In the video you can see the CMPD officer grabbing Jose Avelar's leg, trying to pull him out of the car.

CHARLOTTE, N.C. — The issue of race and policing are about to be tackled on the national level. A Senate committee will be looking at ways to try to make encounters between police and minorities safer.

A Charlotte man says he had a frightening encounter with CMPD this week. A tense moment caught on video between police and a driver.

A moment Jose Avelar says a Charlotte-Mecklenburg police officer took it too far.

"He went from 0-100 real quick," said Avelar.

Avelar was dropping a car off at his brother-in-law's auto repair shop off Atando Ave when police pulled up saying they heard a report about an alarm going off. 

Avelar said he was treated unfairly by police.

"He was like 'hey, um did you hear an alarm? Did you see anybody go in that building, it was actually across the street from us'." 

The police left but quickly came back, asking for ID's.

"Then he came to me and asked me for my paperwork and I told him 'I don't have to give it to you.

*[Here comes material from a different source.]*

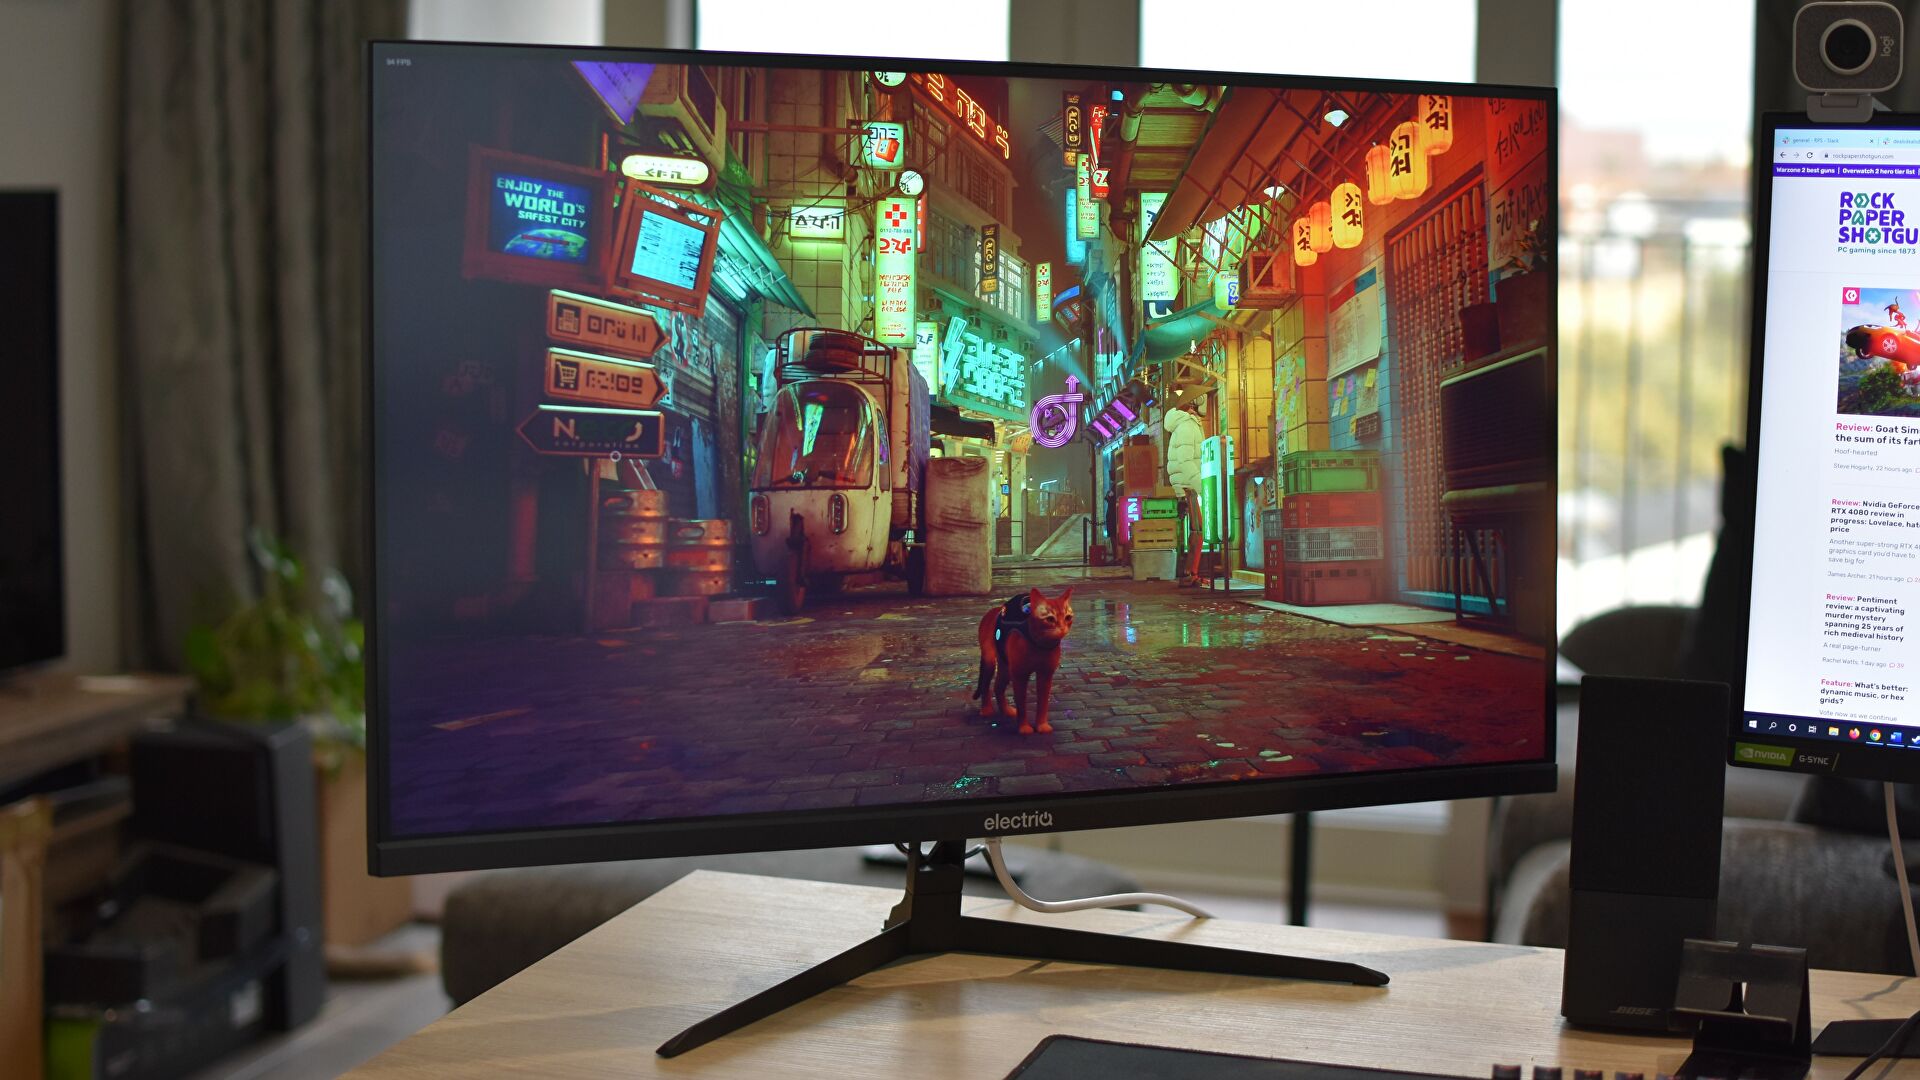 The surprising un-rubbishness of my secondhand, bargain bin 4K monitor

I didn't break any type of laws.'"

"He was like 'no you have to give me your ID. If you want to make this a thing you can make it a thing that's when'."

That's when Avelar's wife started recording.

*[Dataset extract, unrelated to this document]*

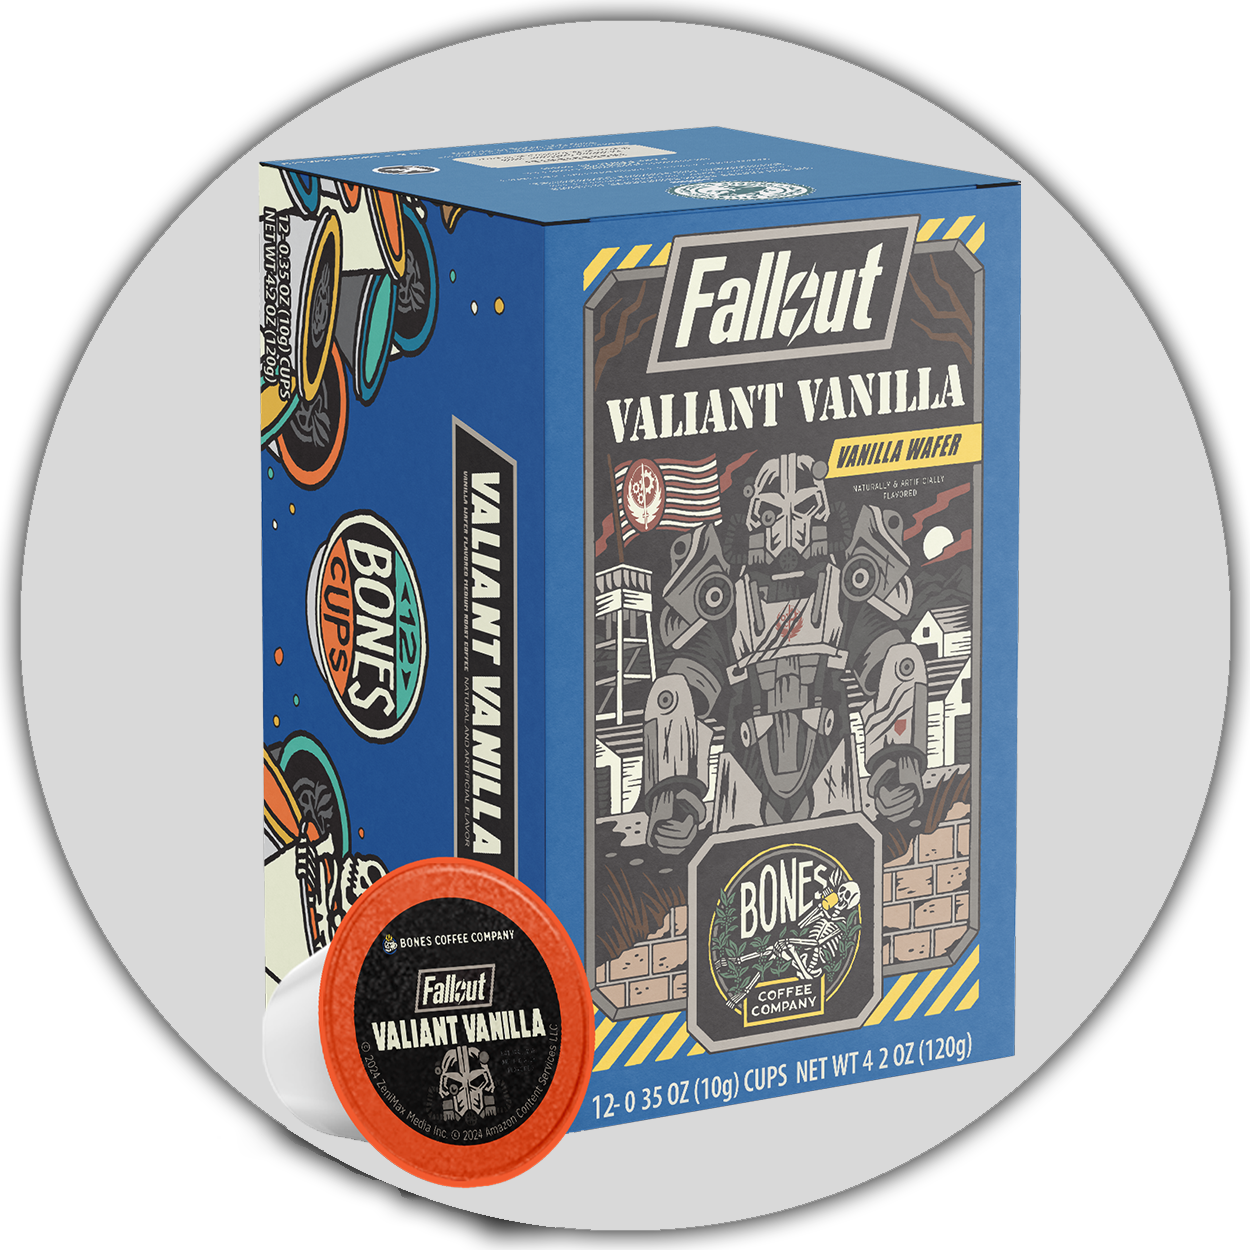 A box of Bones Cups flavored coffee inspired by Fallout named Valiant Vanilla. Its flavor is vanilla wafer. On the art is Maximus in a power suit from the Fallout show. A light gray circle is behind it.

You can see the CMPD officer grabbing Avelar's leg, trying to pull him out of the car. 

The officer's body worn camera drops to the ground.

"I was more pissed off than fearful,"  Avelar says he knows his rights.

"He probably assumed that I didn't speak English, and I was gonna say anything or do whatever he said. Or I didn't know my rights. That happens a lot."

But as all the demonstrators in Charlotte will tell you that doesn't mean those rights will be respected equally. That double standard even troubling Carolina lawmakers on Capitol Hill.

"Why is it that if you are a young black person, man, and the cops pull up behind you, you get really worried and I don't? Tim Scott has been stopped six times on Capitol Hill. I've never been stopped.," says Sen. Lindsey Graham in South Carolina.  

Calling for an overhaul of policing methods. 

Sen. Graham says, "I'm willing to spend a lot of money to get the system to engage in better policing. I am willing to make it easier to fire bad cops who shouldn't be wearing the uniform to begin with." 

Avelar hoping that method will trickle down to CMPD.

"They had no business, they treated me like a criminal already without even knowing anything about me or anything like that," said Avelar.